*MATERIALS PROVIDED*:
☆ ☆ ☆ ☆ ☆ ☆ ☆

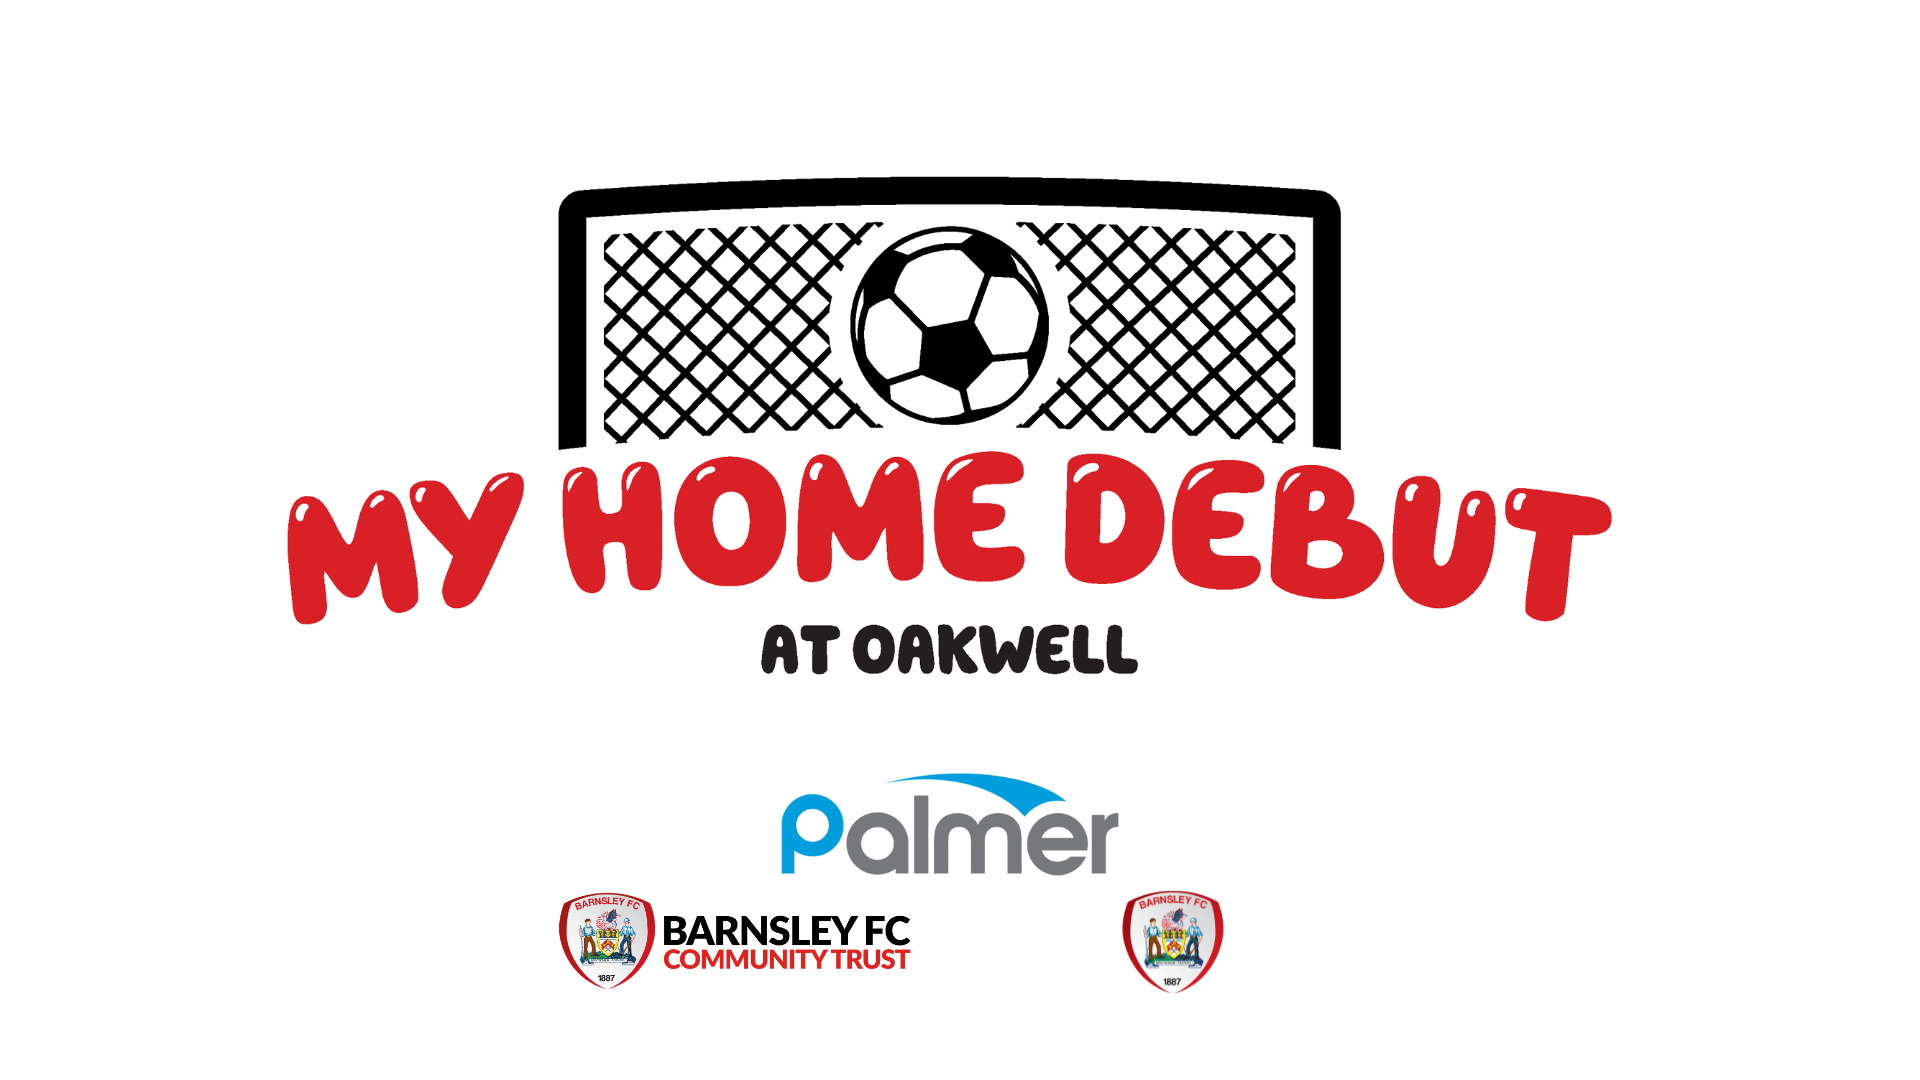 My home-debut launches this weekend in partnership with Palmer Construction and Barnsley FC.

☆ ☆ ☆ ☆ ☆ ☆ ☆

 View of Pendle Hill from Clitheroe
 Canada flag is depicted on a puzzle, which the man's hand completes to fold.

☆ ☆ ☆ ☆ ☆ ☆ ☆

*DIRECTIONS FOR THIS TASK*: Please give an exact copy of the lines above, beginning with the line containing "View of Pendle Hill from Clitheroe" and running through the line containing "Canada flag is", and of no other lines.

*SOLUTION TO THIS PROBLEM*:
 View of Pendle Hill from Clitheroe
 Canada flag is depicted on a puzzle, which the man's hand completes to fold.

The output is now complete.